Chinese hackers have breached major telecommunication companies and network service providers to steal credentials and harvest data.
According to a new joint advisory issued by the NSA, CISA, and the FBI, the Chinese state-sponsored cybercriminals have exploited publicly known vulnerabilities to breach a wide range of network devices including small office/home office and even large enterprise networks. These compromised devices provided an initial foothold into a telecommunications organizations or network service providers and served as a part of the attackers’ own attack infrastructure, which helped them to breach more networks.
After gaining the initial access to the compromised network, the threat actors identified critical users and infrastructure “including systems critical to maintaining the security of authentication, authorization, and accounting," the advisory says.
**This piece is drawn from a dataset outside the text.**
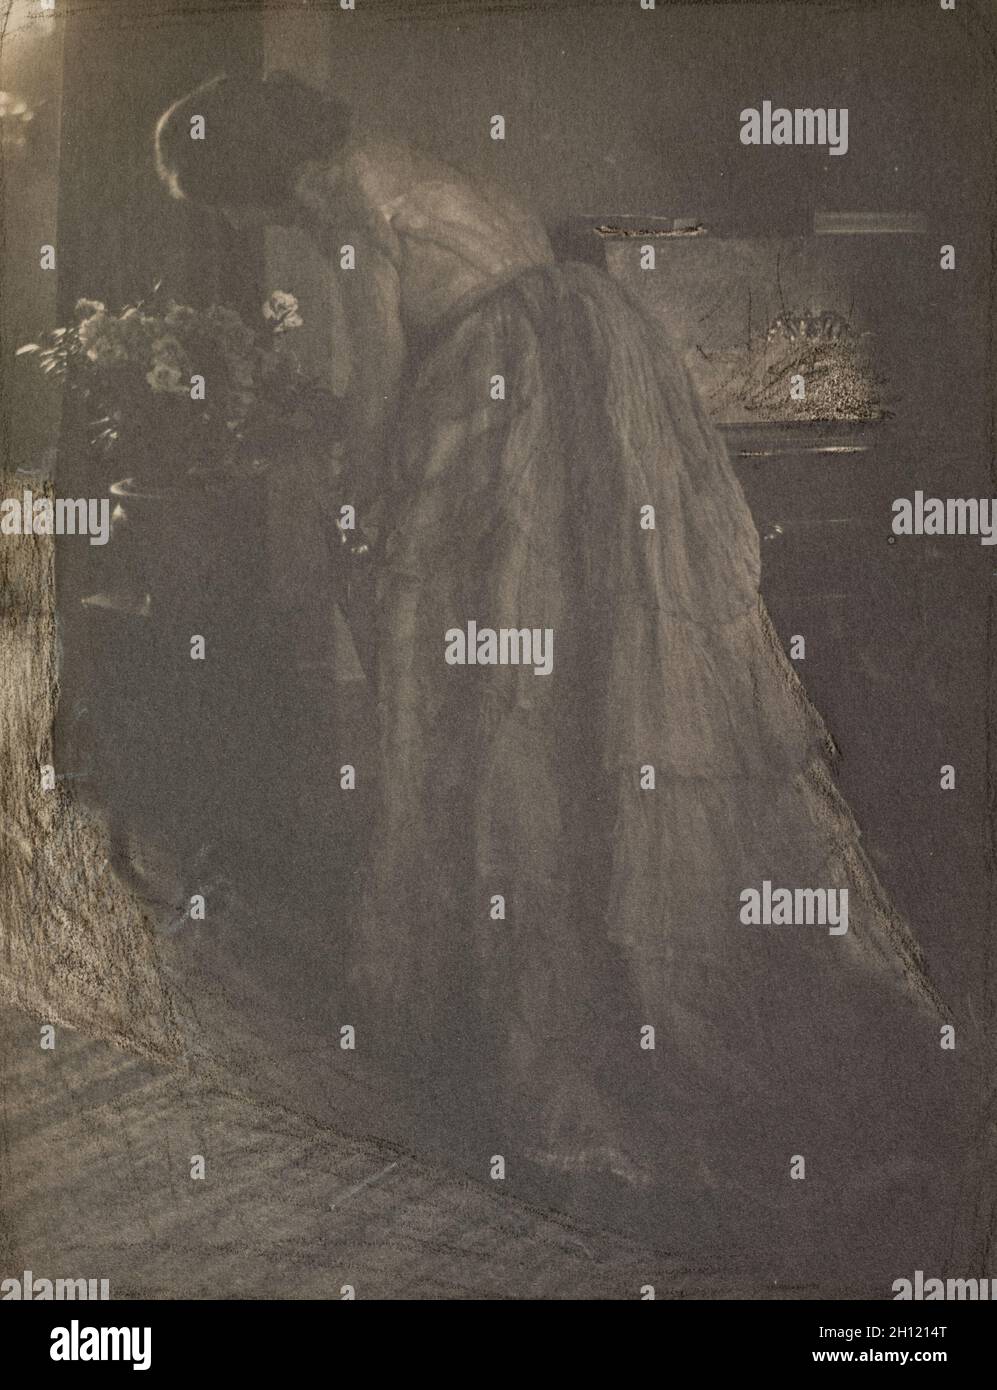 The Azalea Plant (Julia Hall McCune), c. 1900. Clarence H. White (American, 1871-1925). Platinum print with pencil; image: 19.5 x 15 cm (7 11/16 x 5 7/8 in.); paper: 38.9 x 29.3 cm (15 5/16 x 11 9/16 in.); matted: 45.7 x 35.6 cm (18 x 14 in.). Stock Photo

Using stolen credentials, the hackers gained access to an underlying SQL database and dumped the router configurations and user and admin credentials from RADIUS servers. From there, they returned to the network and authenticateв and executeв router commands to route, capture, and exfiltrate traffic without victim’s consent.
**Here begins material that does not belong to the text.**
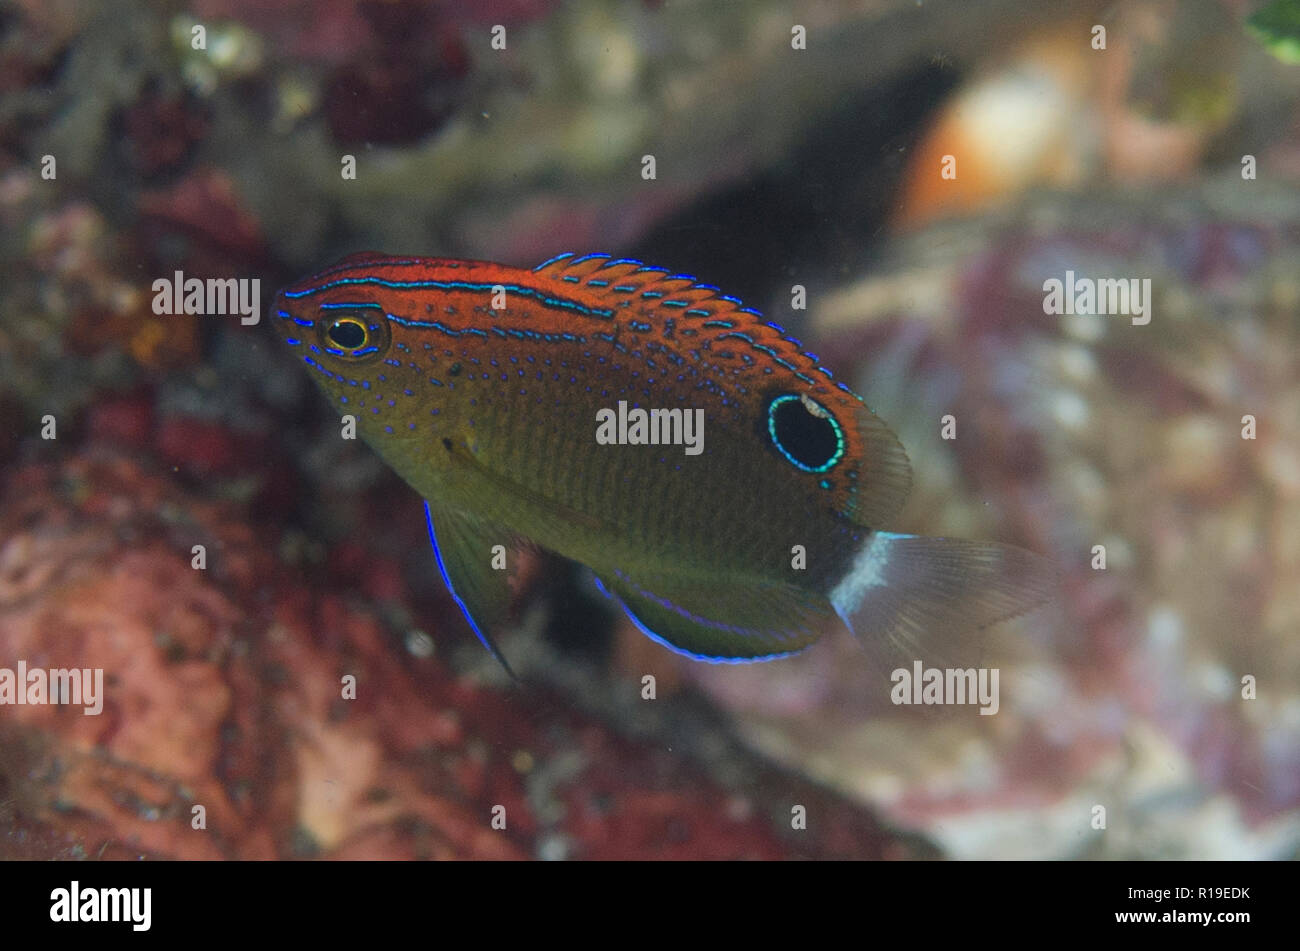 Speckled Damsel, Pomacentrus bankanensis, TK1 dive site, Lembeh Straits, Sulawesi, Indonesia Stock Photo

According to the advisory, since 2020, the Chinese state-sponsored cybercriminals have been using the following vulnerabilities:
CVE-2018-0171 – remote code execution in Cisco IOS XE;
CVE-2019-15271 –remote code execution in Cisco Small Business RV Series Routers;
CVE-2019-1652 – remote code execution in Cisco Small Business RV320 and RV325 Routers;
CVE-2019-19781 – remote code execution in Citrix ADC and Gateway;
CVE-2020-8515 – remote code execution in Draytek Vigor 2960, 3900 and 300B;
CVE-2019-16920 – remote code execution in D-Link products;
CVE-2018-13382 – authentication bypass in FortiOS SSL VPN;
CVE-2018-14847 – authentication bypass in MikroTik RouterOS;
CVE-2021-22893 – remote code execution in Pulse Connect Secure;
CVE-2019-7192 – privilege elevation in QNAP Systems QTS and Photo Station;
CVE-2019-7193 – remote injection in QNAP Systems QTS and Photo Station;
CVE-2019-7194 – XML routing detour attack in QNAP Systems QTS and Photo Station;
CVE-2019-7195 – XML routing detour attack in QNAP Systems QTS and Photo Station;
CVE-2020-29583 – authentication bypass in Zyxel products.